5. Not Drinking Enough Water
Many people may ridicule ‘meatheads’ at the gym for carrying around a gallon of water with them – but they are the ones who are actually doing it right! One can lose pounds of weight through sweating especially during long cardio sessions – and this fluid must be replaced. Not only should you replenish yourself during your workout, it is highly encouraged to continue drinking water post-work outs as well. “For each pound (16 ounces) of weight lost during the workout, the rule of thumb is to replenish that by 1.5 times with water—so two pounds lost equals 48 ounces of water,” says Gochnour. It is also encouraged that you replish yourself with electrolytes (potassium , magnesium, and sodium become quite depleted) – small amounts of salty snacks and fruits do a great trick if you wish to avoid taking commercial sport drinks (we understand that it contains questionable ingredients). Coconut water is also a great option.
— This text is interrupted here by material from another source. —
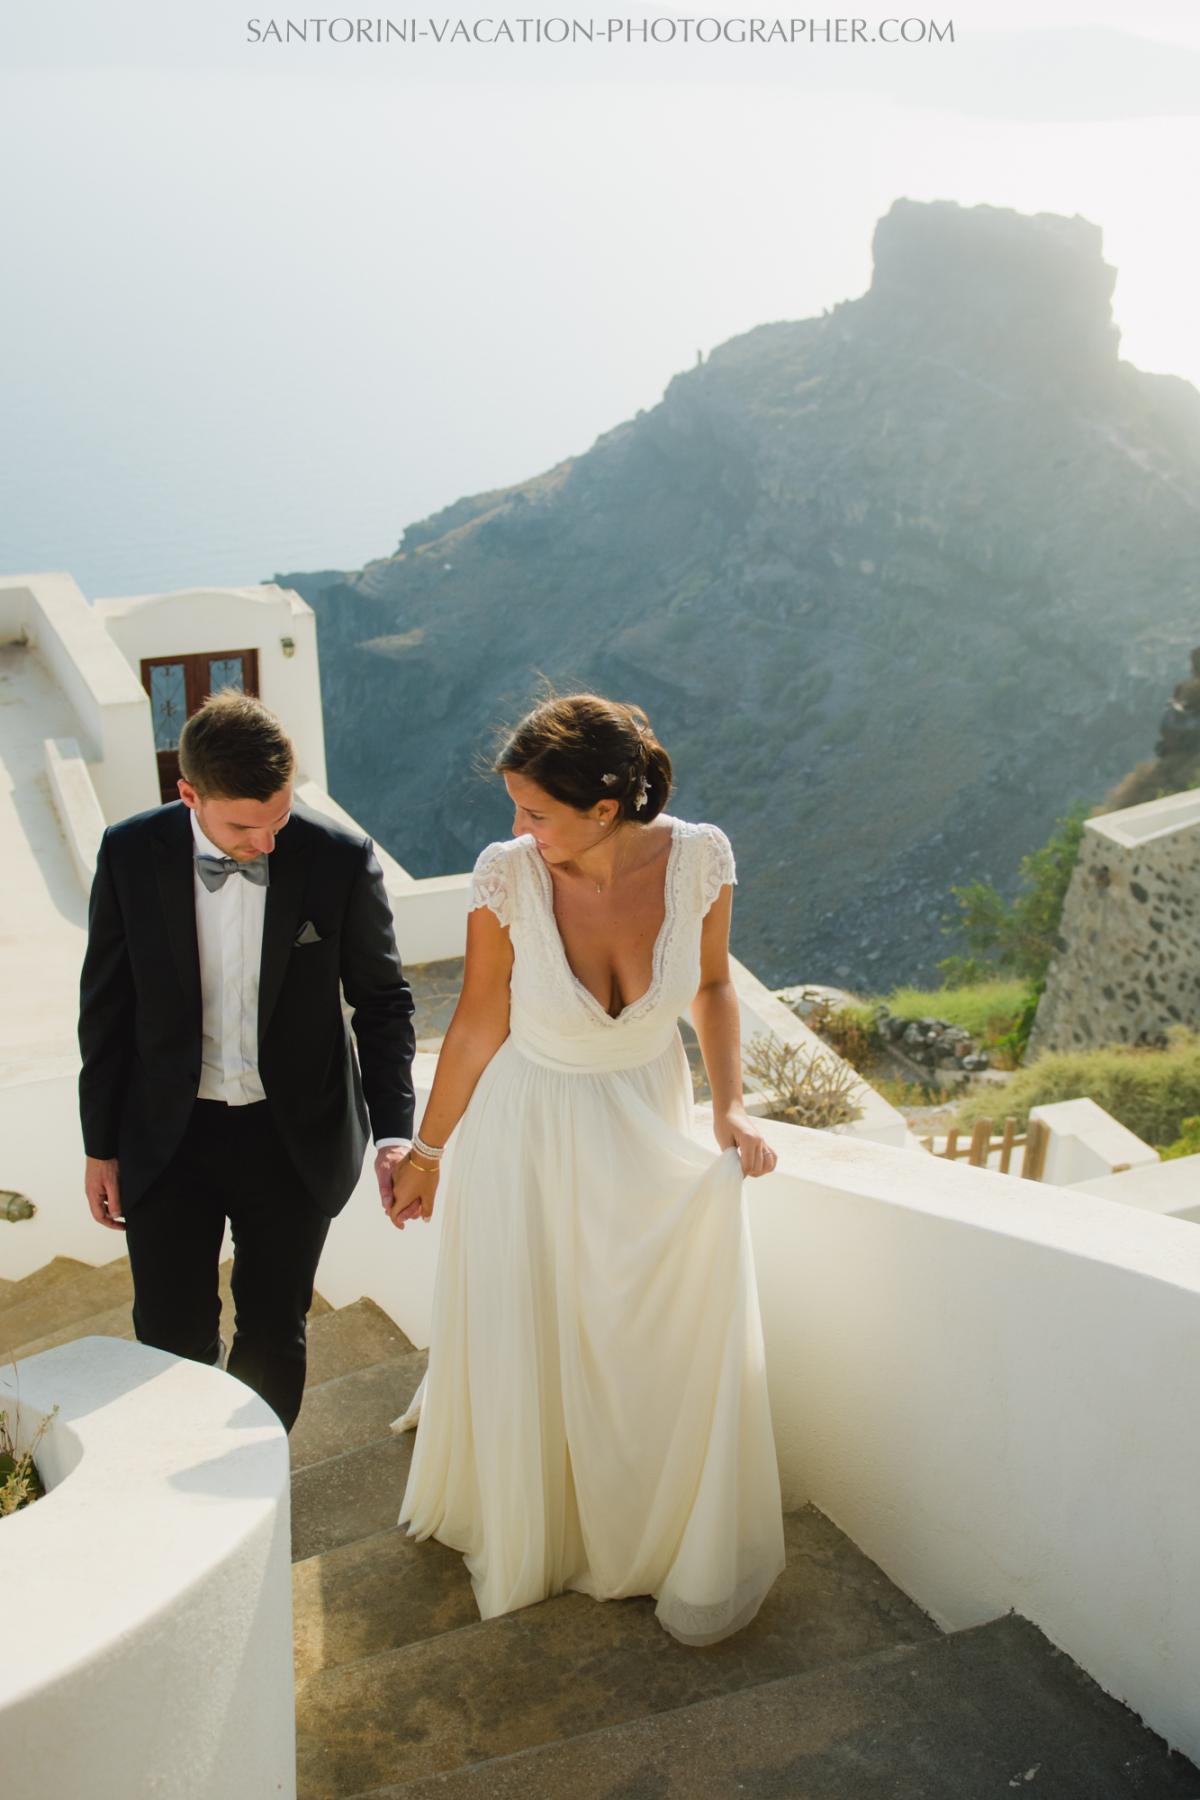 photo-session-santorini-caldera-honeymoon-wedding-dress-4
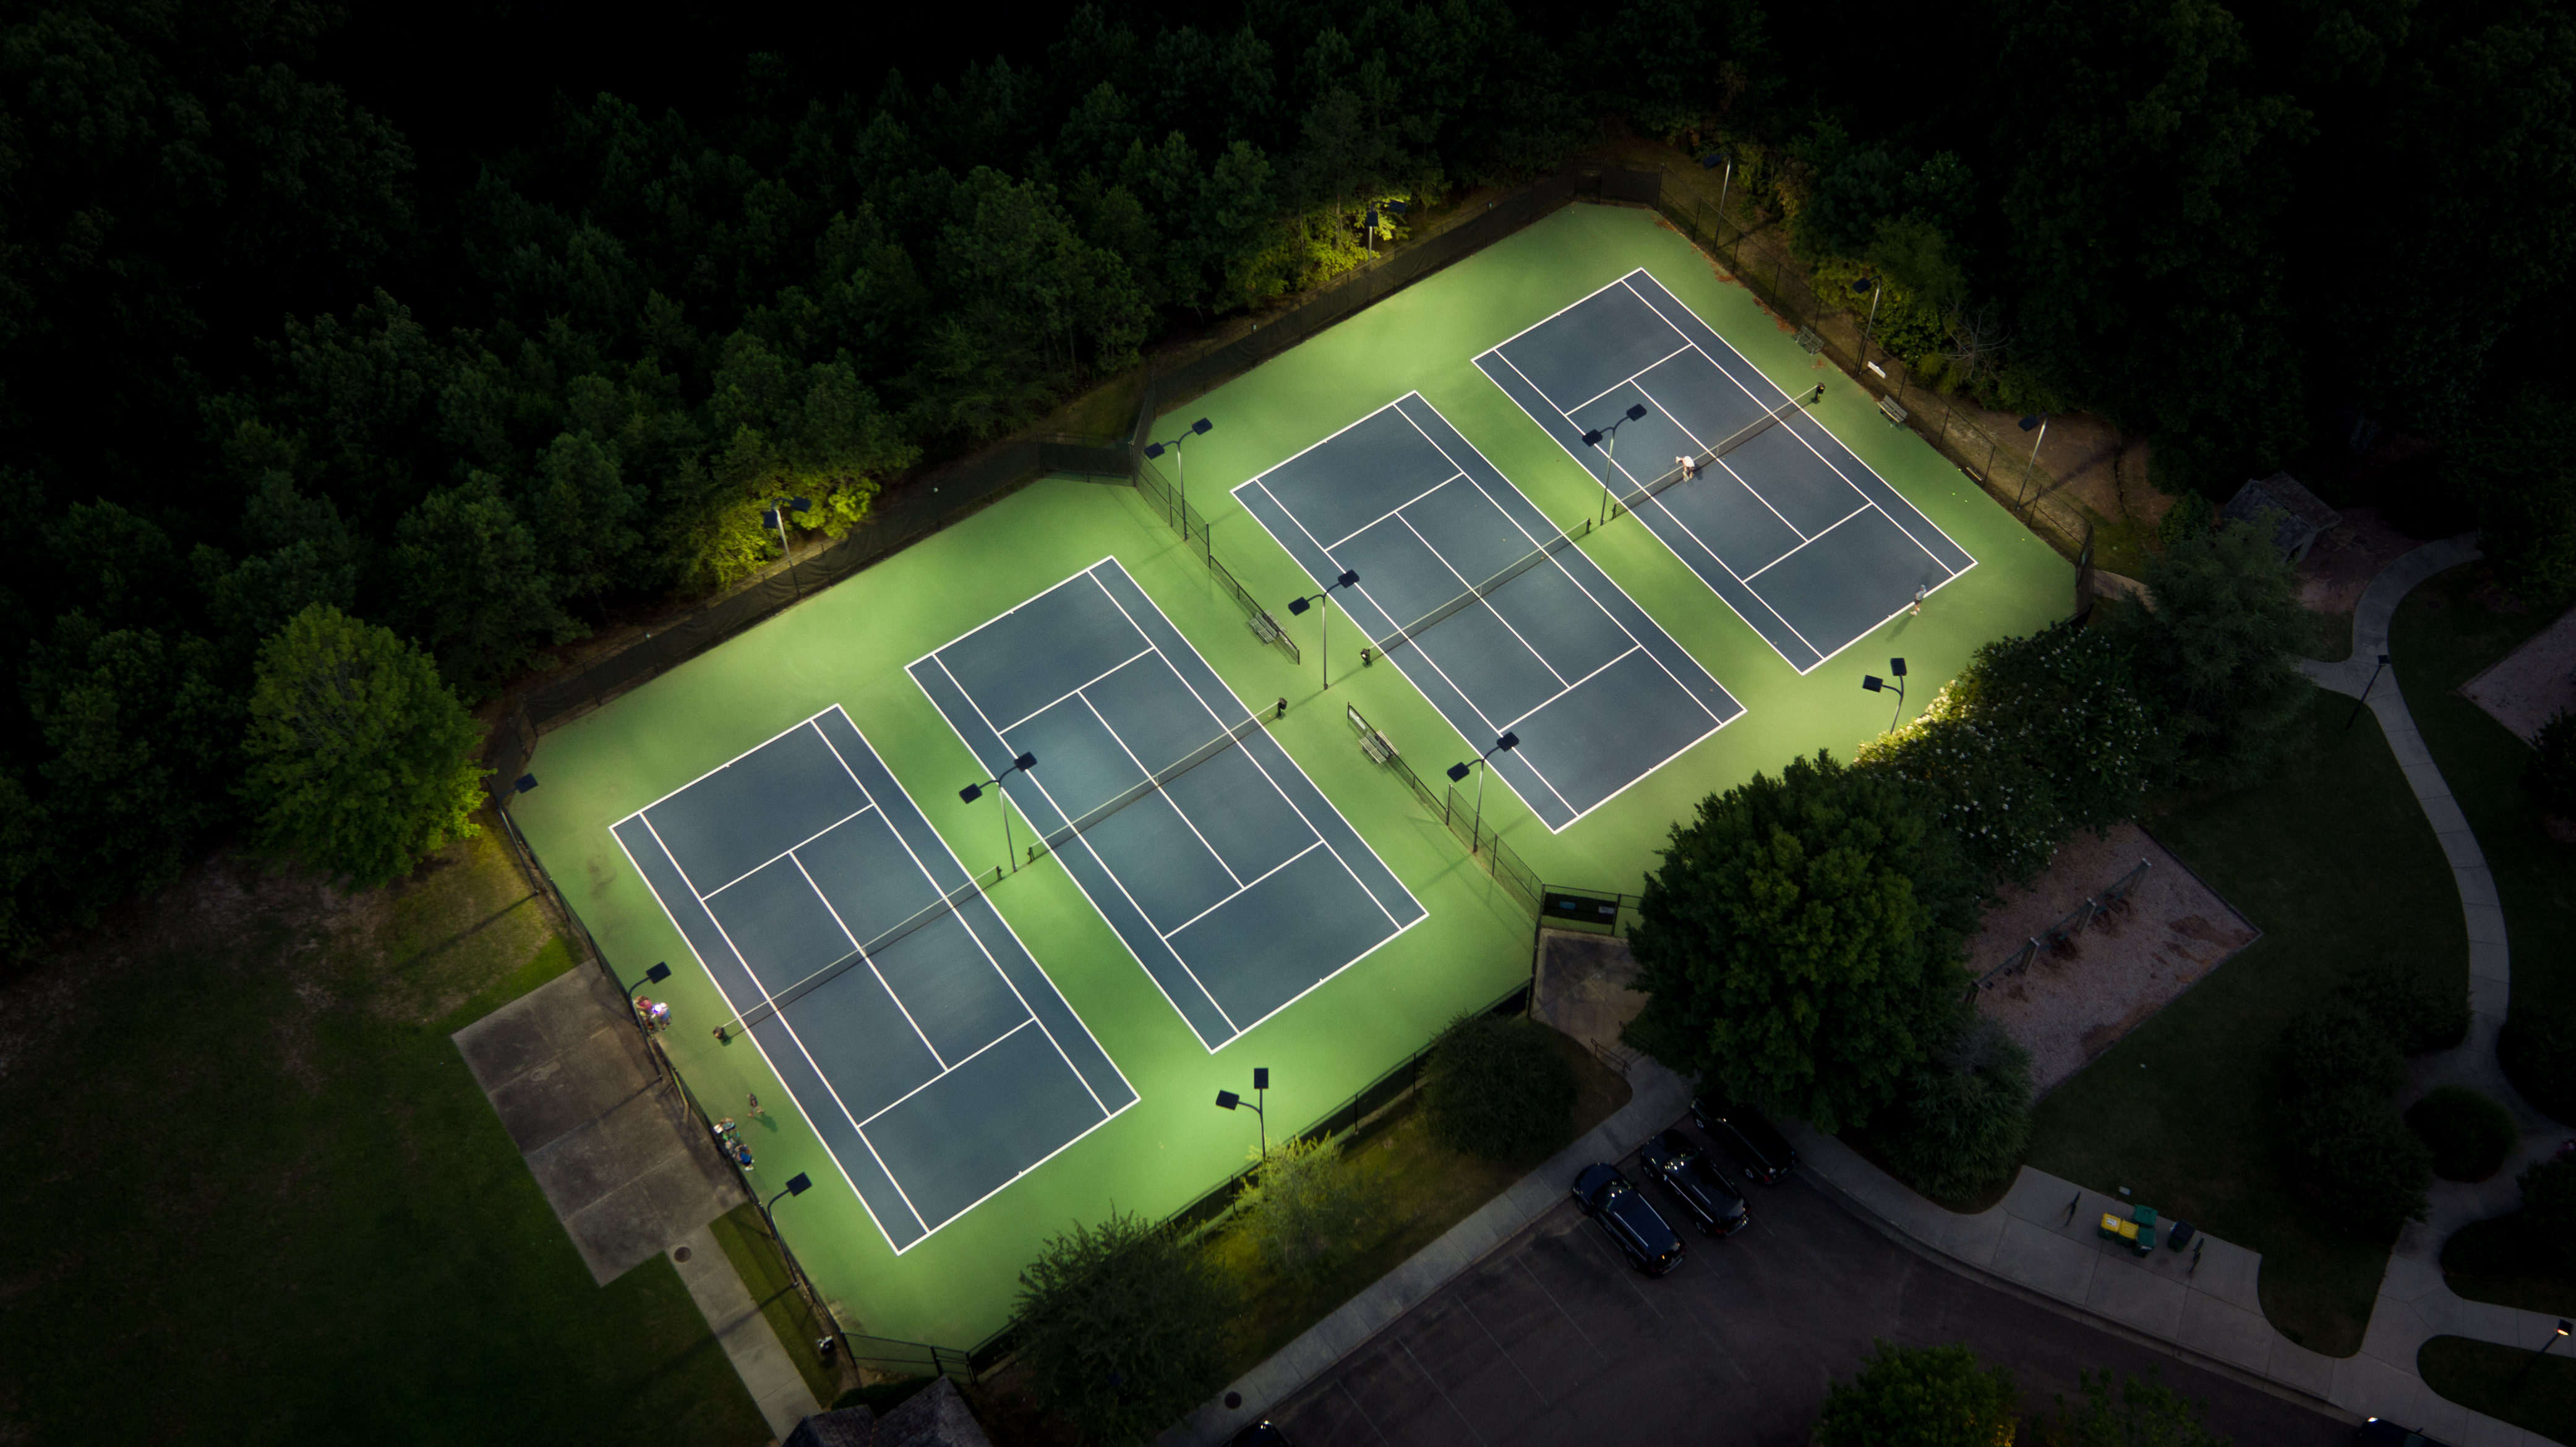 GS.Tennis.Aerial.Night.jpg

In case you continue to feel hungry after eating your post-out meal, you may be confusing hunger with thirst – so start by drinking water; hungriness is a symptom of dehydration.
6. Not Having Enough Rest
#norestdays is a common saying found amongst hardcore trainers, however, it’s a mindset that causes more harm than good. “If one does not have adequate rest periods, he is risking performance, injury, and total body fatigue, which has been linked to psychological manifestations like depression or anxiety,” says Weiss. Not only do you need enough recovery time to have a better performance the next time you train, but also so your body can hold onto those gains.
7. Resting Too Much
While having a rest day or two are quite important, resting beyond that can easily enable you to quit your program altogether; simply because you get too comfortable. “I believe when the average person thinks about rest, they perceive simply laying down and being still. I give the analogy of a sitting pond versus a flowing river; one collects, and one keeps things moving.” Weiss says. The best way to do accommodate this is by training different parts of the body on different days – when one gets worked on, the other gets to relax (or get worked lesser ).